Making a reader feel tension is, in part, a function of what is happening in the story, and other Fictorians are doing a fine job of covering that. I want to dig down, though. I want to get past plot structure, and characters, and all of the things we usually talk about. Today is not a lesson in simply writing fiction. Today, I want to talk about the words themselves.
Speed is key. Short words mean fast reading. Short sentences mean fast reading. Fast reading means fast thinking. Fast thinking means excitement.
Extended vocabulary, on the other hand, will tend to result in a slower, more ponderous pace of comprehension. In addition, one can expect that a more complex sentence structure will also result in increased temporal periods for absorption of material. In turn, this style of writing can lead to a more leisurely, intellectual feel for one’s reader.
See what I did there?
Tension is a function of two things: excitement and a lack of resolution. You want to keep your reader on a knife’s edge for a bit? Shorten everything. Boil your words down to the simplest form. Boil your sentences down to subject-verb-direct object structure. Lose as many phrases, clauses, or anything extraneous as you possibly can. Make it so a third-grader could read it. Put in a refrain (see above where its X means Y), because once the brain is on a roll it will simply speed up.
The goal here is not to cut back on the amount of information you’re throwing at the reader. The goal here is to get the reader to absorb the information as quickly as you possibly can. From a writer’s perspective, this can be tough. It’s actually faster for us to write one massive sentence than it is to break that baby up into little chunks. When we’re flowing, we don’t want silly little things like sentence structure to stop us. So when one is writing a tense scene, the knee-jerk reaction is to write longer stuff. Bigger words, longer sentences, and massive, hulking paragraphs.
But when you’re revising, you need to break that up. Read those two paragraphs up above again. You’ll burn through the fast paragraph in about half the time it takes to read the slow one.

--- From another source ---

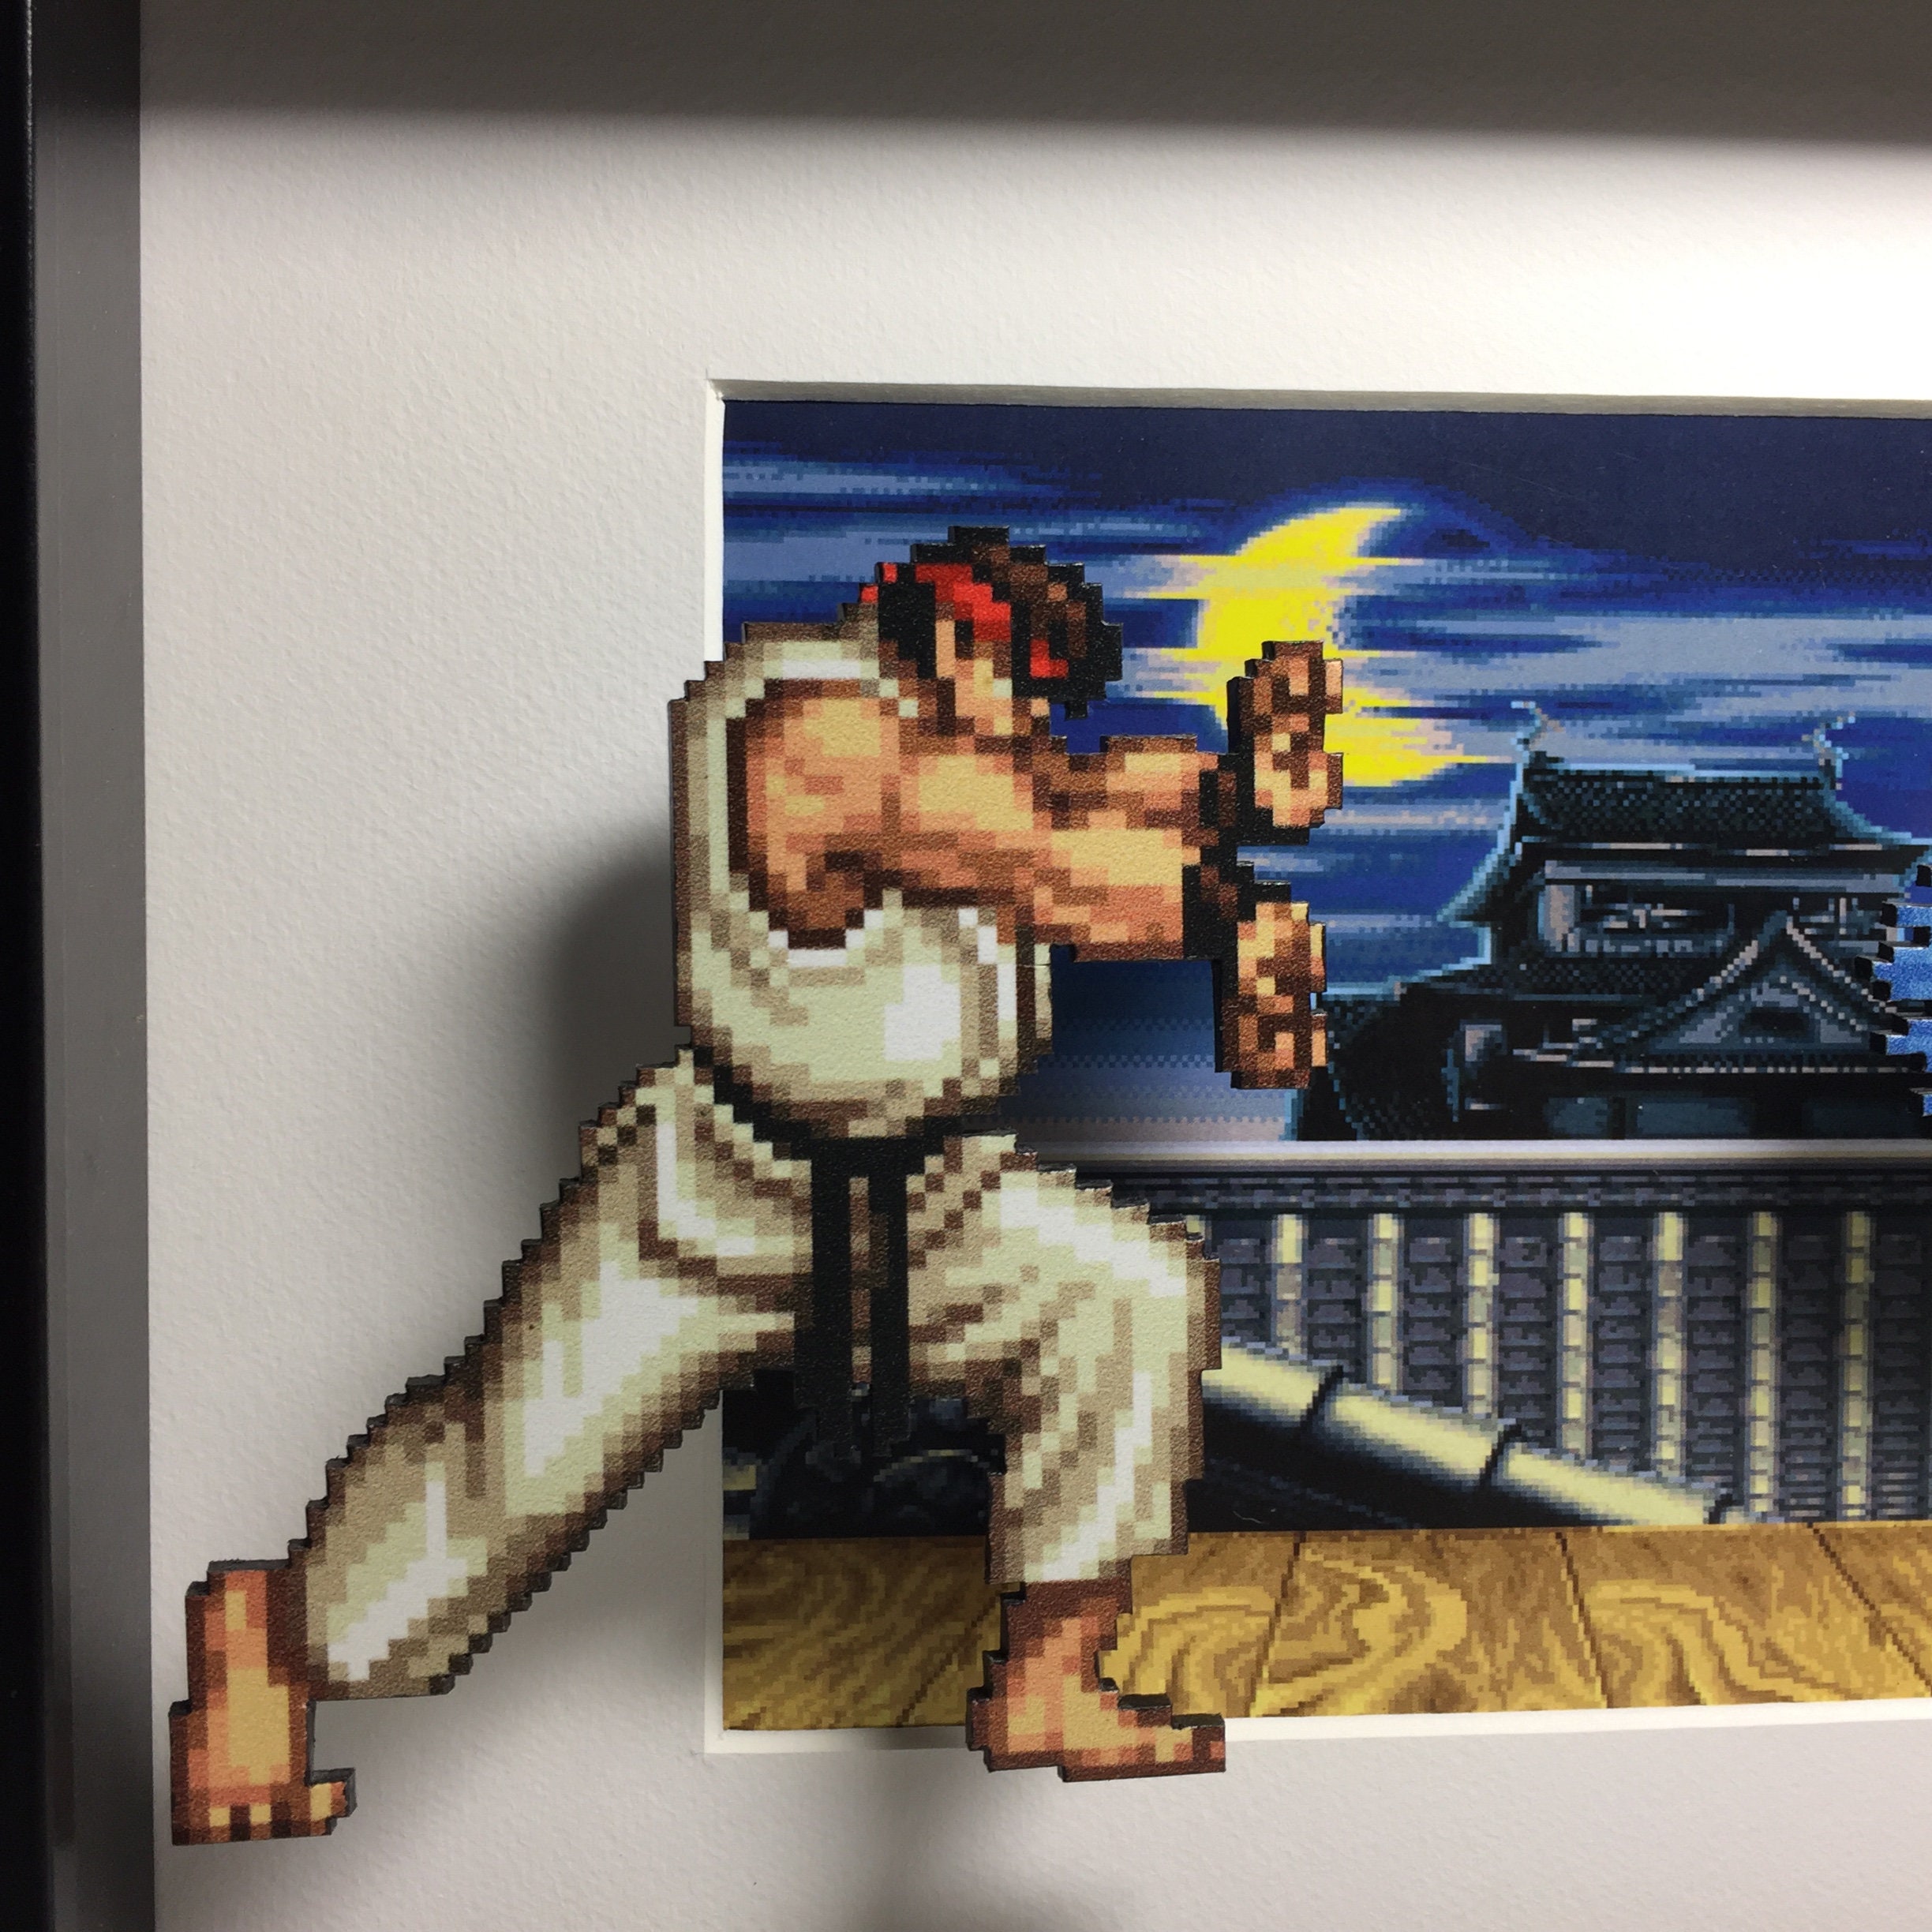 Ryu Street Fighter Graphic · Creative Fabrica

Don’t think of it as “half the time,” though. Flip the equation. What really matters is the amount of information hitting a person’s brain in a set period of time. In other words, the boiled-down writing style means that your reader is getting twice as much information per second. She’s racing to keep up with you, and her conscious mind is running at a dead sprint to keep up with her subconscious one. You ever run down a hill only to find that you have to keep accelerating or you’re going to completely beef it? Reading a scene written in that boiled-down language feels like that.
Now, don’t write everything for speed. Sometimes, you want to slow it down. Let your reader breathe in parts by lengthening everything. Get a little purple from time to time. I’m not saying you should write for speed all the time; what I’m saying here is that, by controlling the speed at which your reader processes your story, you can create tension in certain scenes by having them accelerate the speed at which they are reading, and you can relieve tension by allowing them to slow down. By controlling the speed of their comprehension, you can make them feel tense and they will never know why.
So don’t use this trick alone. Use it in conjunction with all the other tricks being written about by my colleagues this month. Just remember, your goal is to control all of a reader’s brain, and word, sentence, and paragraph structure is the gateway to triggering that subliminal feeling of tension.